When you resort to tactics within the realm malice, are your actions still benevolent? Even Balance should consider this question while working on PunkBuster. While hackers/cheaters are an annoying, when the tools that keep them out operate maliciously the tool maker has gone too far. PunkBuster’s behavior is absolutely uncalled for.

There is absolutely no reason for a legitimate piece of software to download itself from a remote site and reinstall/restart every 15 seconds to 5 minutes. This is how PunkBuster works right now with its PnkBstrA.exe and PnkBstrB.exe services. PnkBstrA.exe will redownload, reinstall, and restart PnkBsterB.exe periodically while in a game “protected” by PunkBuster. If anything goes wrong PnkBstrA.exe will kick the user from a server and give a error in the 13xxxxxx range. PnkBstrB.exe is what actually looks for hackers/cheaters and kicks them. PunkBuster also looks for unknown APIs and will kick you if it finds any, this is the issue it has with Windows 7.

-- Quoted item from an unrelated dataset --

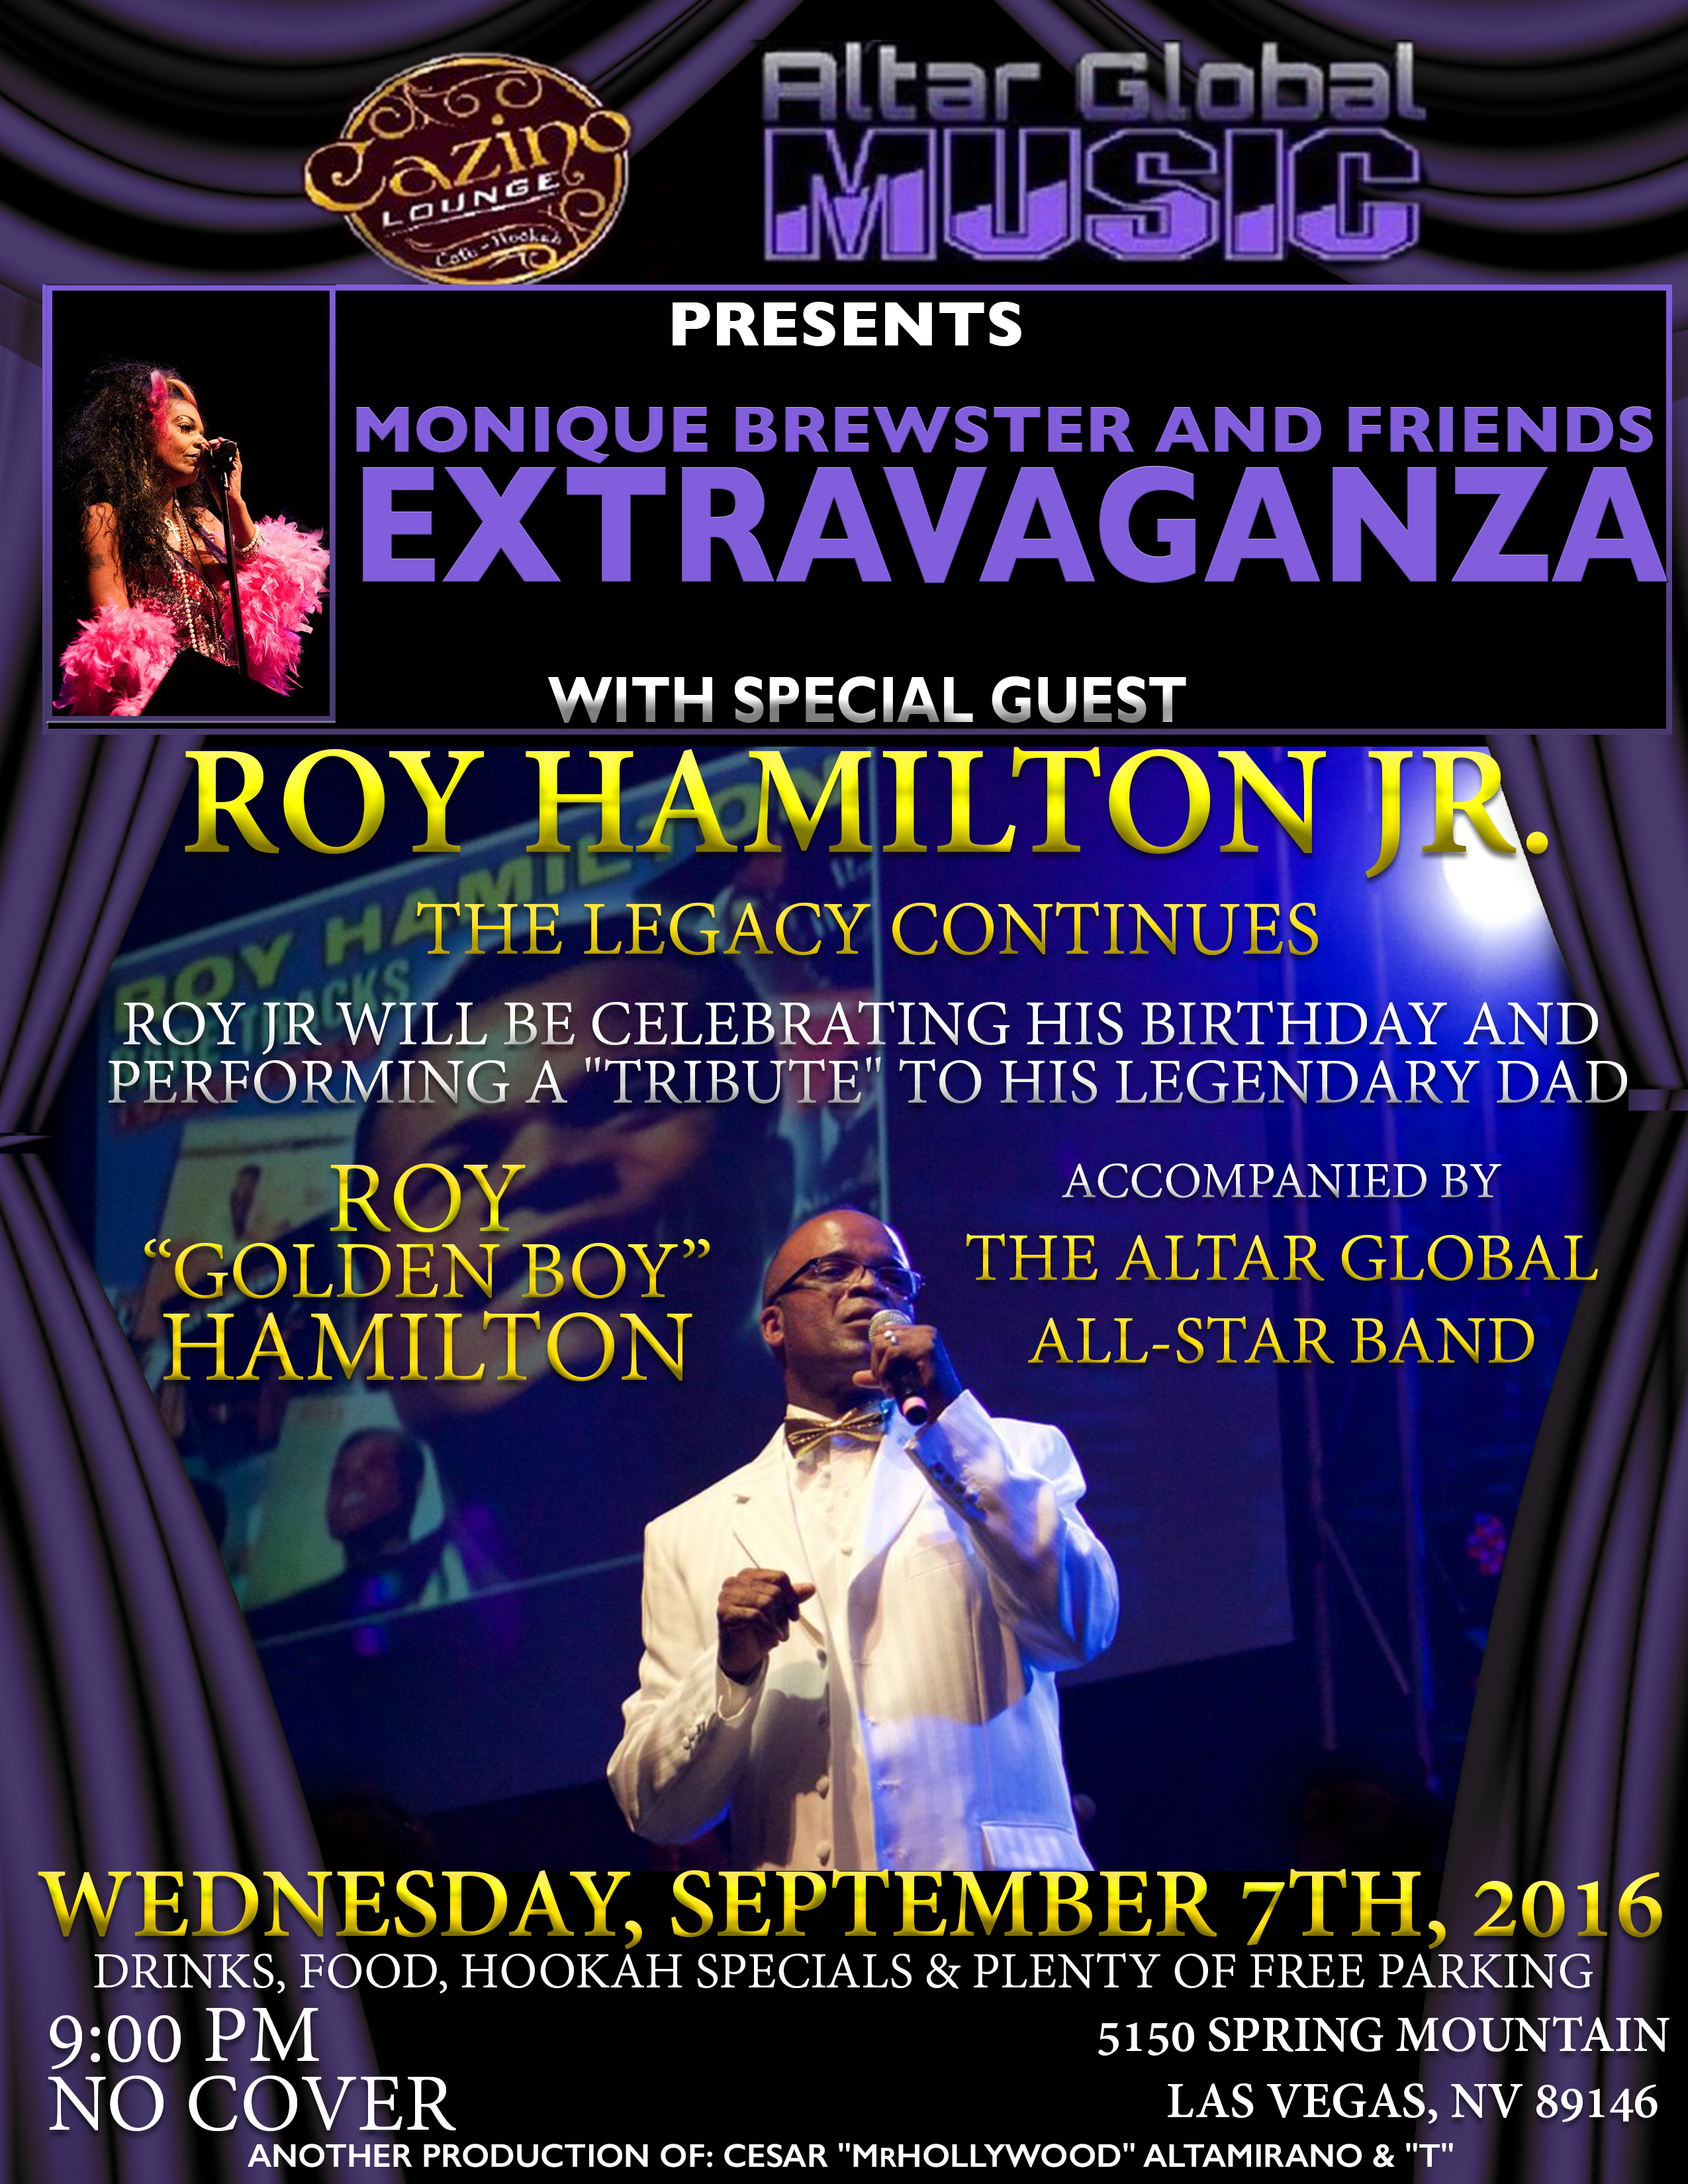 “The Legacy Continues” @ Monique Brewster & Friends Extravaganza, Wednesday, September 7, 2016

“Why are you playing games on a beta OS?” What’s the point of a beta OS? To test things, that’s the point of beta releases. By playing, or rather try to play, a game I’m testing Windows 7. Since I built a new (for me) computer that is running Windows 7 (64bit), there really is no going back to XP (I do not have Win XP 64bit edition). My gaming is limited to offline games, any Valve title, or Test Drive Unlimited. Basically, anything that doesn’t depend on the horribly broken PunkBuster.

The real shame is that Even Balance has not made any visible effort towards supporting Windows 7. The beta is very solid, a release candidate should be out soon, and at that time the Windows 7 “API” will be “locked” and Punk Buster should be able to be updated to work with Windows 7. If, upon public release of Windows 7, PunkBuster still does not work properly, I’d like to see a someone bring a class action lawsuit against Even Balance for negligence (yes, PunkBuster has angered me to that point).